Chris: Essentially, with our hopping robot we kind of have a neat design feature which allows us to gradually store energy using small motors.

That energy is stored in a spring.

Tom Bewley: And then this forebar mechanism has this locking capability that it can lock shut. You can gradually accumulate energy in the spring, you can get moving quickly and then pow, release the thing, get airborne, and you can clear a hole in the ground or clear an obstacle.

They call it iHop, lowercase I, capital H, of course. Chris says iHop has practical applications.

Chris:The initial source of funding was from Los Alamos and the Department of Energy, and the, sort of, motivation was unmanned stockpile surveillance, so to monitor the nuclear stockpile, where you wouldn't want to send a person in an environment where you would have to hop on to things and so forth.

The students also want toy companies to pay attention. They built a less complicated robot named iLean, iHop's non-hopping little sister. iLean can lift herself up, stand on her robotic tippy toes and lean onto an obstacle. Imagine a reverse Slinkee that seems to defy gravity.

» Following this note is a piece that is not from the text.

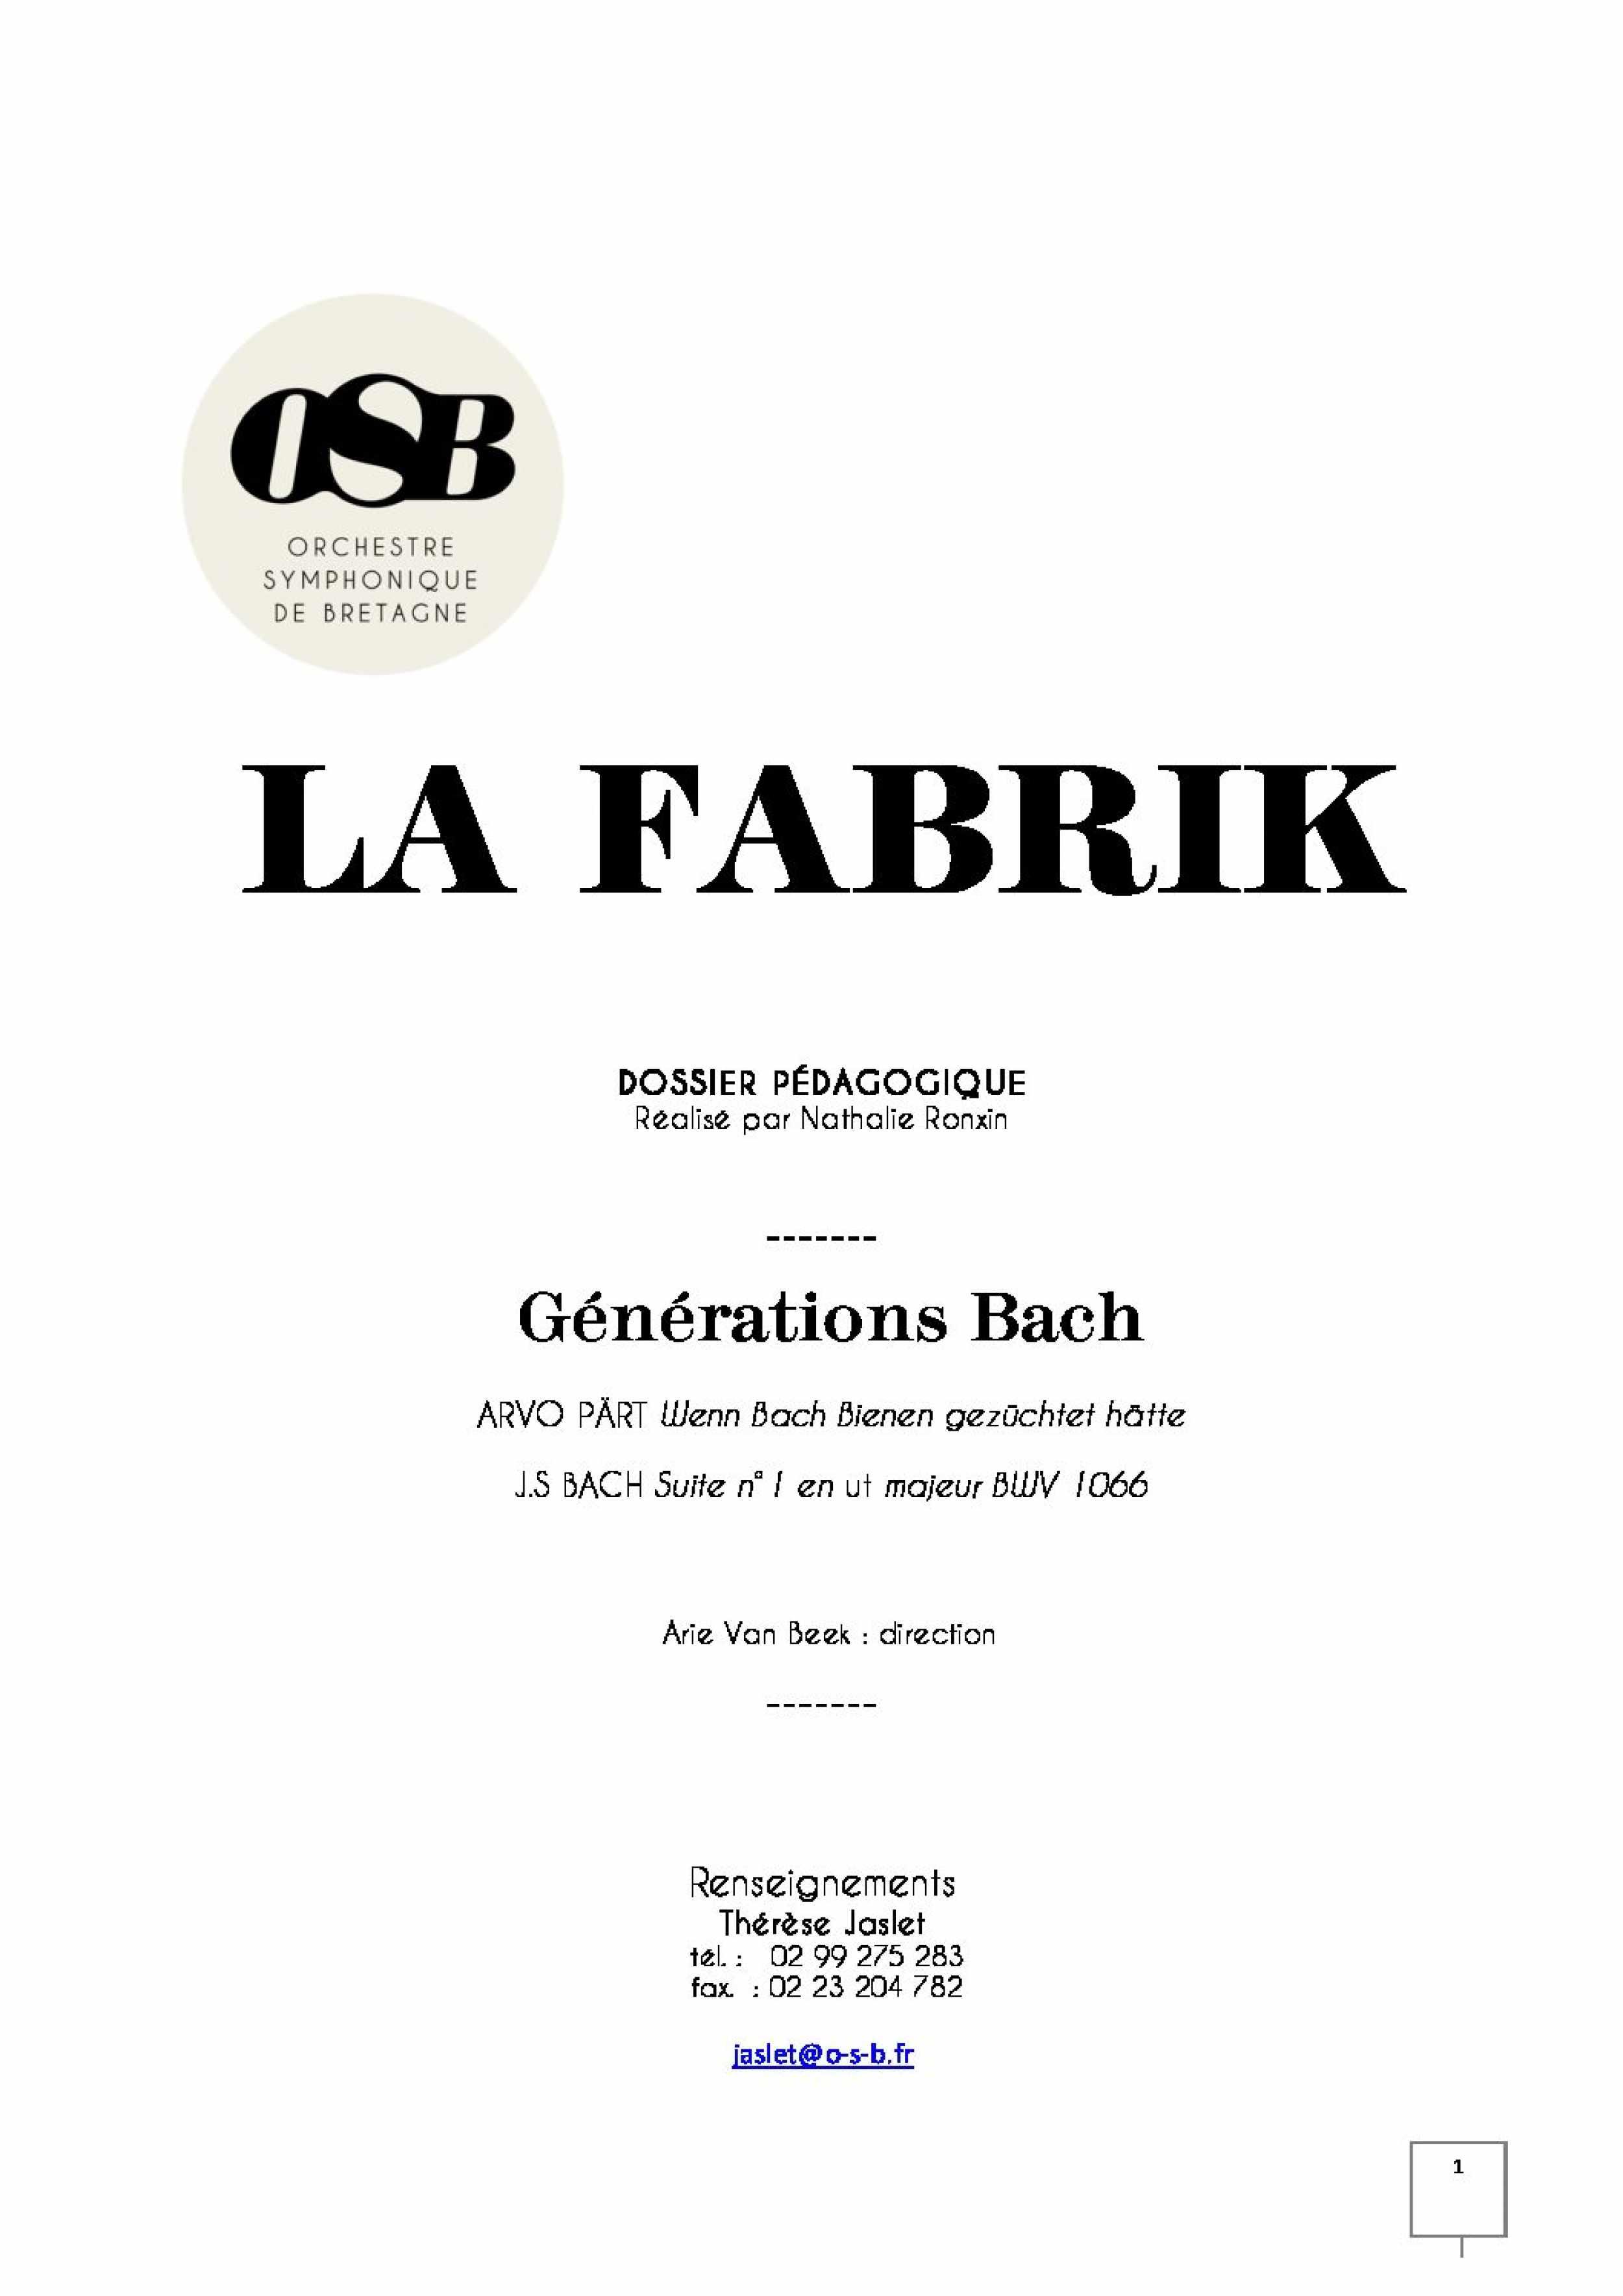 Generations Bach
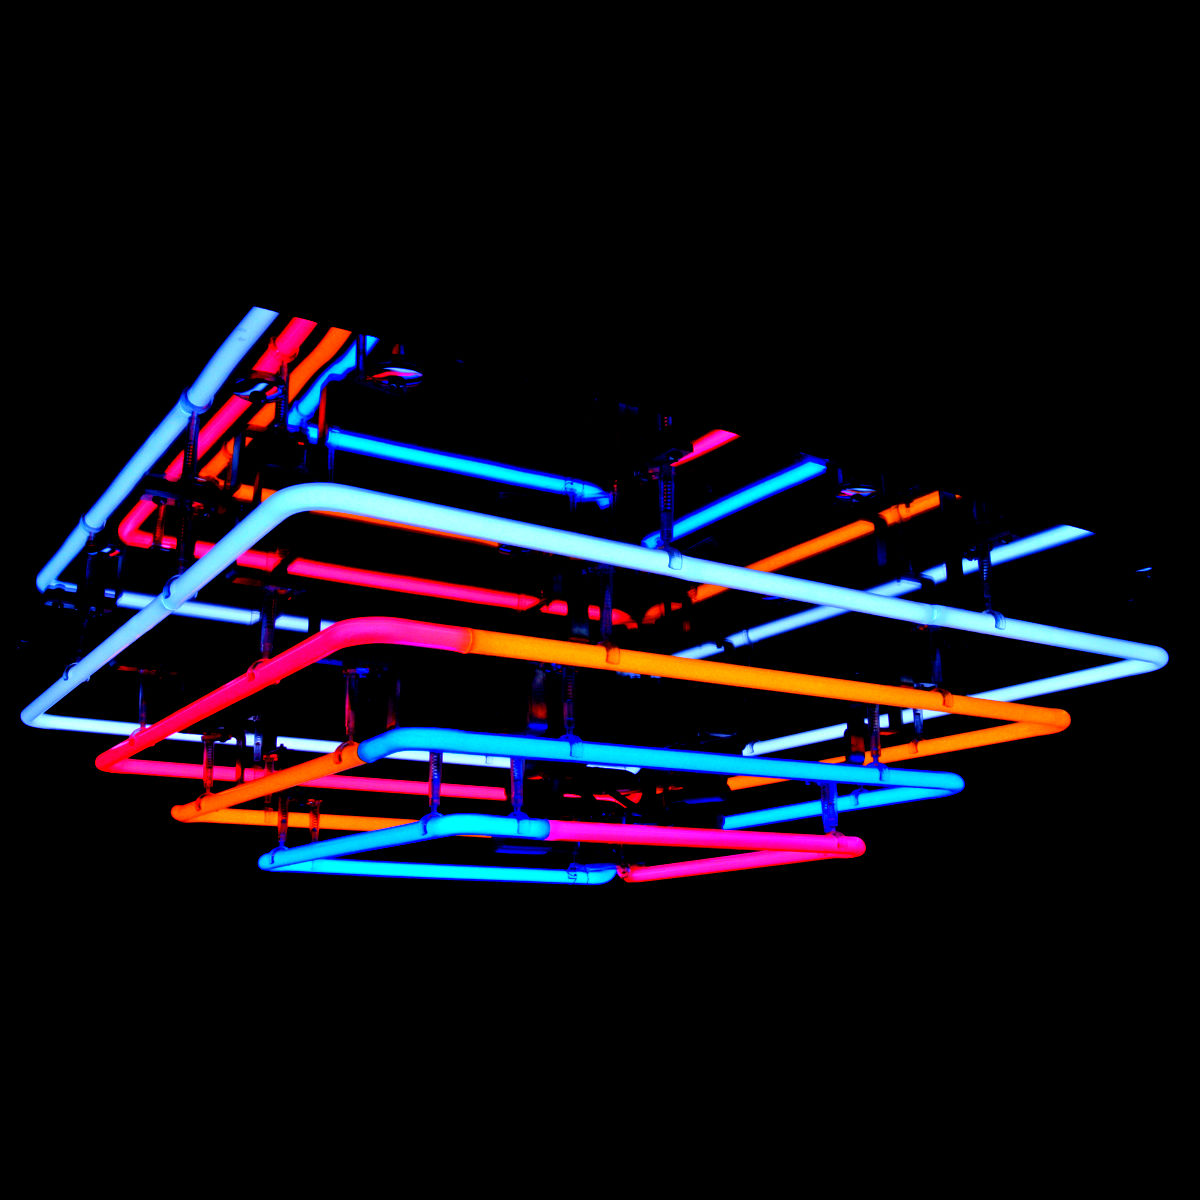 resized square neon chandelier.jpg

A crowd has formed and this man in a business suit looks impressed.

Woei-Min Lin: Oh, very good, very good. Very interesting.

Woei-Min Lin works at SAIC, a San Diego company that builds technology for the military. He's eyeing the talent here because he says there's a shortage of engineers.

Lin: Especially high-quality ones, because a lot of people nowadays are more interested in going to Wall Street and making money. And also a lot of the students, they are really not studying science and engineering and mathematics as much as before. Look at other countries. They have a lot of other students in the engineering field.

But Lin says companies like SAIC need American-born engineers for special projects that need security clearance. And he says Americans seem more creative.

Lin: The education system here is very different from the education system at other place. Students here are more innovative because in the whole education system, we are giving people more opportunity to be innovative, and then to think about their own ideas, to be creative. OK, I have to go for a meeting.

As far as Chris and David are concerned, a job today would be nice, but…

Chris: I think that's being a little too optimistic.

After all, they've been coming to this fair for three years now.

David: But even if we don't get job offers today, with this on our resume, I'm sure it will be a lot easier getting a job in industry, as well.

We say good-bye and good luck to David and Chris.

Later on, I get this phone message.

Hi Andrew, this is Daniel Kane calling from UC San Diego. Just a quick update on the hopping robots, so Poster Number 164, which was Christopher Schmidt-Wetekam, he actually won the whole poster competition for Research Expo at UCSD.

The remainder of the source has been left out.